The Journey of the Underrepresented series of articles was written by Asha Blake, a local photojournalist and senior at Kent State University, to explore challenges and barriers faced by underrepresented minorities in the health professions.
In health care, it is important to have workers who look like the community they serve. More diversity can help workers better understand each other, and patients are inclined to be more comfortable with health care professionals who reflect their background. Culture can impact communications and interactions with health professionals and even health care outcomes.
However, in the United States there is an underlying issue regarding the health care field and diversity. The country is becoming more diverse, but the health care workforce — particularly among physicians — does not reflect it.
According to the Association of American Medical Colleges (AAMC) research conducted in 2018, 56.2% of all active physicians, identified as white. The researchers reported much smaller percentages of physicians they identified as Black and Hispanic — 5% and 5.8%, respectively.
These numbers for underrepresented minorities do not reflect the community of the United States. In fact, it shows how large the gap is between the population versus the number of physicians there are for some races/ethnicities. The 2020 Census reported that 13.4% of the U.S. population was Black and 18.5% Hispanic. The contrast can be even sharper in the urban areas of northeast Ohio.
There are many factors that have caused this lack of diversity in health care. However, one issue comes up frequently at the forefront of this problem: Discrimination.
History of Discrimination
The history behind discrimination in health care in the U.S. can be traced back at least to the 1800s, when most universities did not allow non-white students to attend.
That forced a choice to either not go to medical school or get a degree outside of the United States (if they were able to do so). For example, Dr. James McCune Smith, the first African American to earn a medical degree, had to travel to Scotland to complete his education, which was impossible for him to do in the United States at the time.
Eventually, after 1865, non-whites were allowed to attend American medical schools. But the problems did not stop there. There were many challenges that both Black and Latinx* people had to face once admitted to these universities and after obtaining their degrees. For many Black students for example, there were policies that prohibited them from getting professional society memberships.
These societies provided opportunities for success. They were the conduit for physicians to meet and connect with others. Admissions into hospitals were becoming closely linked to these medical society memberships. This barrier made it difficult for many Black students to get jobs after college even if they were qualified to do so.
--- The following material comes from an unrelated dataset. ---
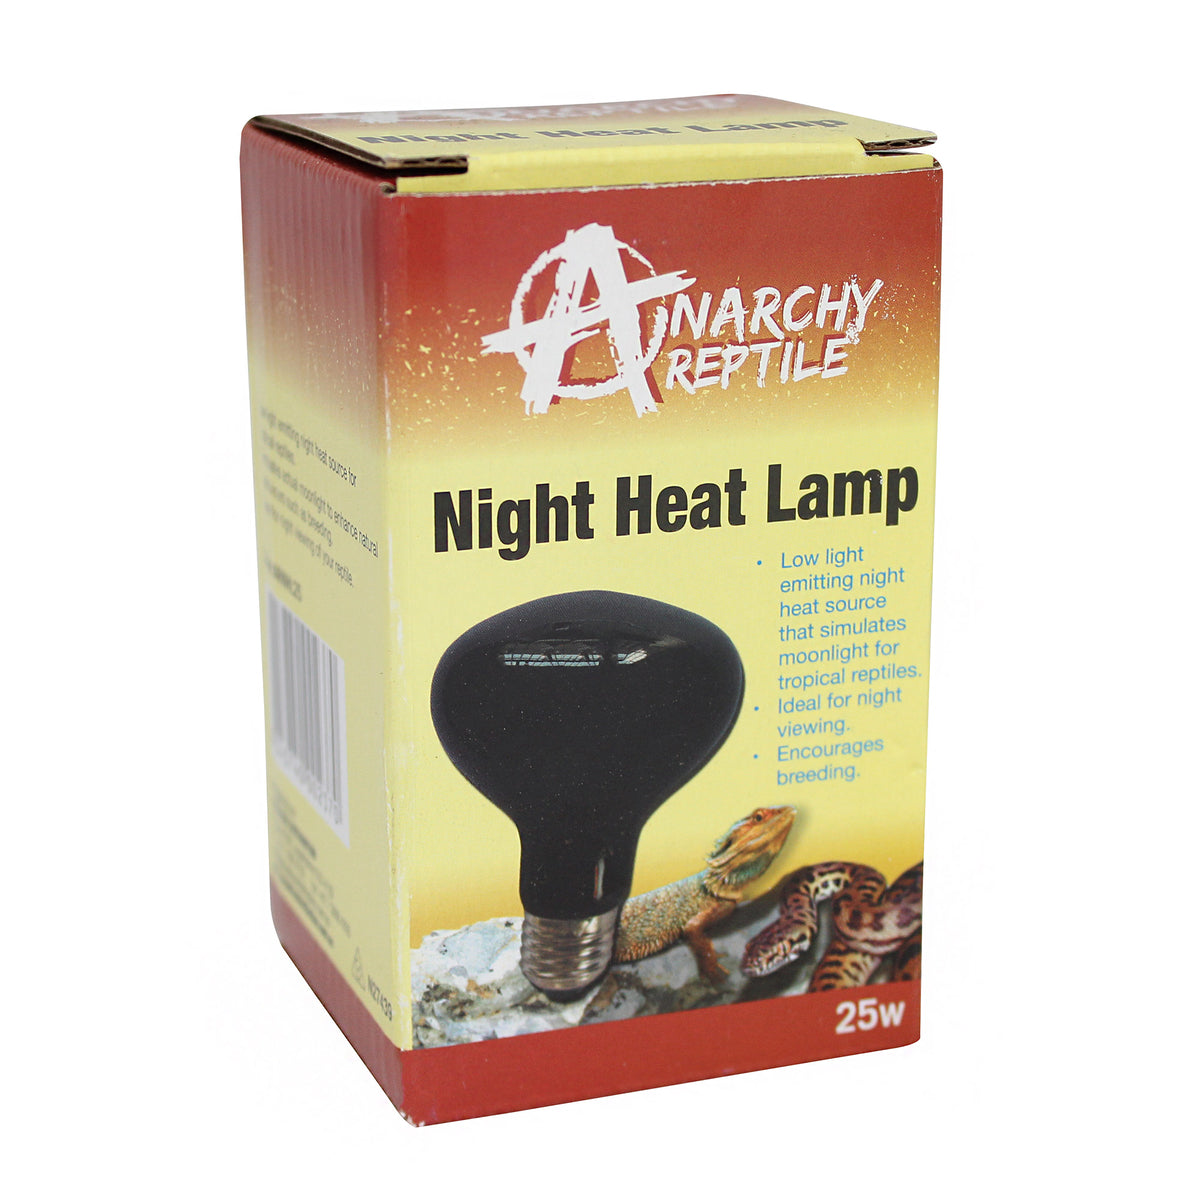 Anarchy Reptile Night Heat Lamp
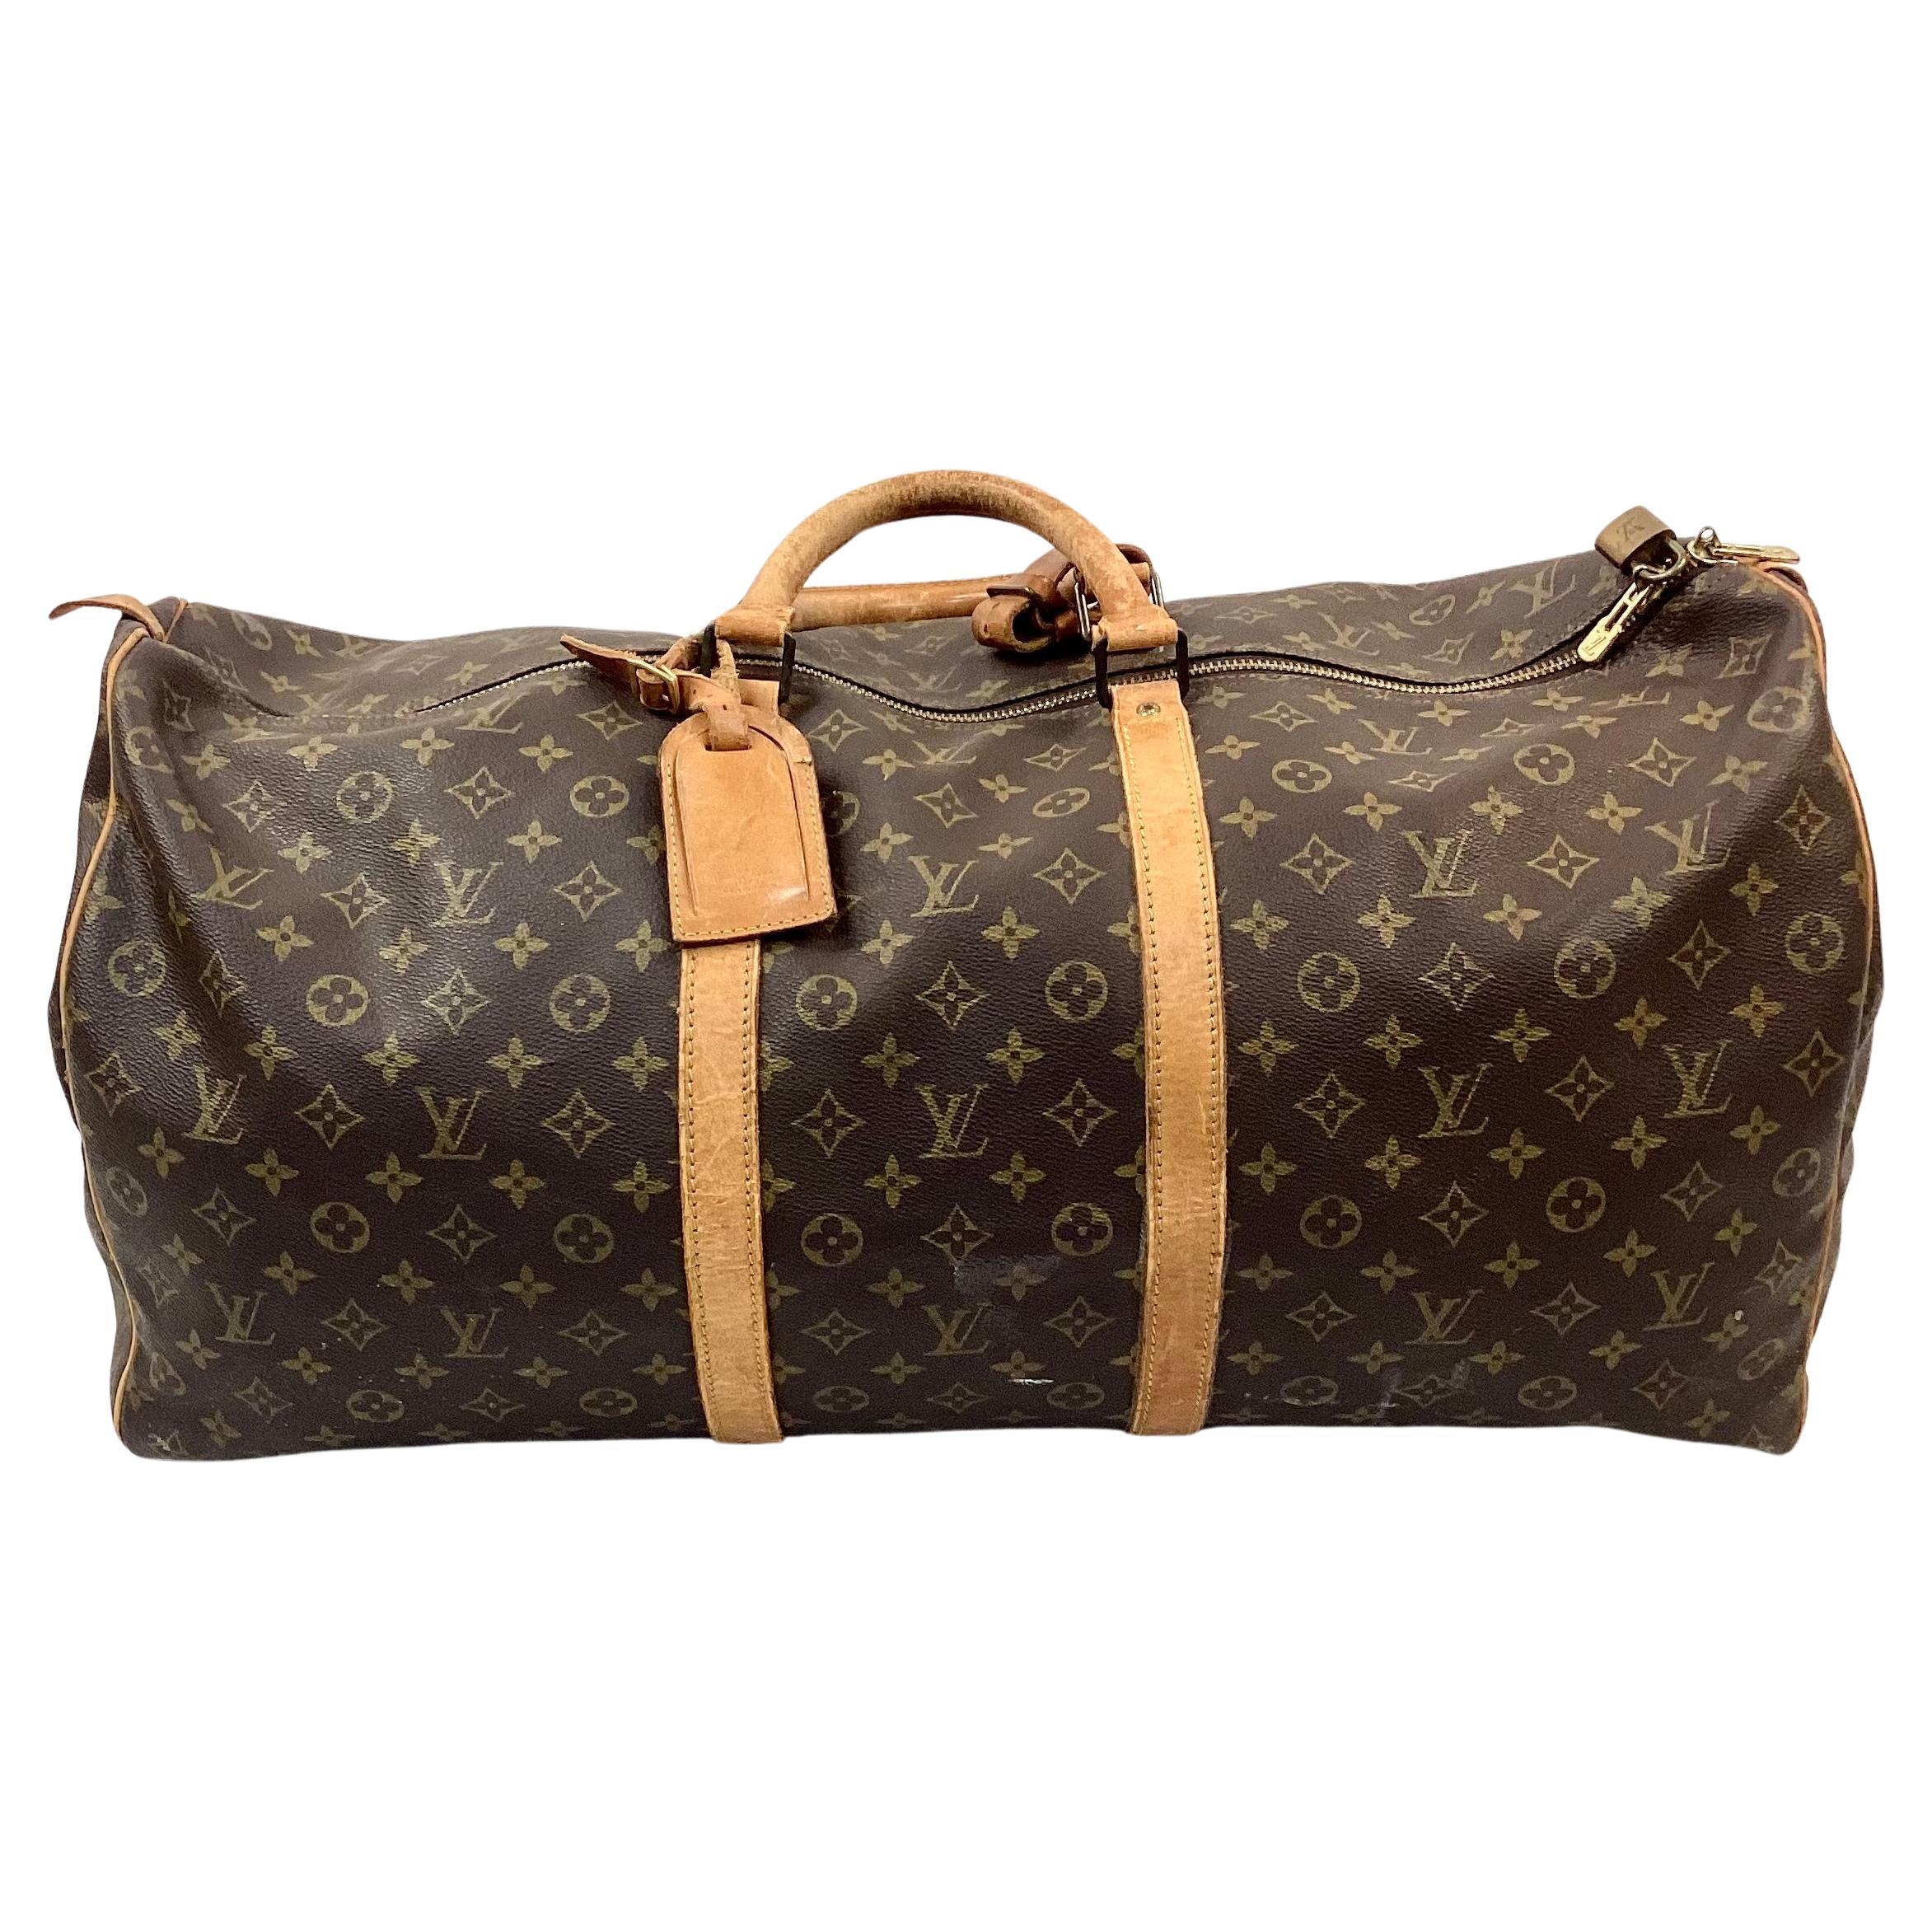 Louie Vuitton Monogram Keepall Travel  Bag

Like members of the Black community, Latinx individuals also struggled with having the ability to work in their practice after college. Some medical associations would not accept students simply because of their race or ethnicity. Mary Headly Treviño de Edgerton, a Mexican American medical student in Texas, experienced this after graduating in 1909. She graduated top of her class and earned the highest grade on the state medical exam that year. However, only one medical association in the state would allow her admittance.
Although other factors may have been at play, her class placement and grades should not have gone unnoticed by other associations.
Many other stories and situations like Dr. Smith’s and Dr. Edgerton’s can be explained by the early discrimination and exclusion in the United States. Black and Latinx students were allowed into medical schools much later than white students. The first medical school opened in 1765 in Pennsylvania, and most schools did not allow minorities to attend until 1865. This 100-year gap set many minority students and families back because they were starting further behind students who had the opportunity to attend from the very beginning.
Even though this inequity took place years ago, it still affects today’s health professionals. The 2019 Survey of Consumer Finances reported that the typical white family has “eight times the wealth of the typical Black family and five times the wealth of the typical Hispanic family.” This affects the applicants seen at medical schools because many come from wealthier families. The AAMC reported that in 2018, “more than three-quarters of medical students came from families in the top two quintiles of family income.”
Other factors that may also be causing the slow incline of diversity include a lack of representation amongst faculty members (nationally, Black and Latinx faculty comprise 3.8% and 5.9% medical school faculty), and a poor support system throughout a student’s time at a medical school.
The U.S. Department of Education reports that “greater representation of underrepresented groups among faculty may increase student’s sense of academic validation.” It is important for students to have someone to turn to that may share similar life experiences. It can help create a bond and can encourage an individual to stay with their program.
At Northeast Ohio Medical University (NEOMED), the College of Medicine’s vision is to be a national leader in community-centered medicine. In Northeast Ohio, the population is 17.41% Black and 5.55% Latinx. By contrast, for the 2021-2022 school year, the College of Medicine enrolled 4.49% Black students and 7.87% Latinx students.
While the University is headed in the right direction, to reflect Ohio’s diversity of 12.4% Black and 18.7% Hispanic population, we still have a long way to go to reflect diversity within Northeast Ohio’s major cities of Cleveland (48.8% Black, 13% Hispanic), Akron (29.9% Black, 3.1% Hispanic) and Youngstown (41.1% Black, 10.9% Hispanic).
Although there is a long history that has hindered the progression of minority health care workers, the future representation in this field must be better. It is important for future generations to have access to health care professionals who come from the same background as them and understand their needs and expectations.
* The term Latinx includes individuals with ancestry from Latin American countries who may or may not speak Spanish.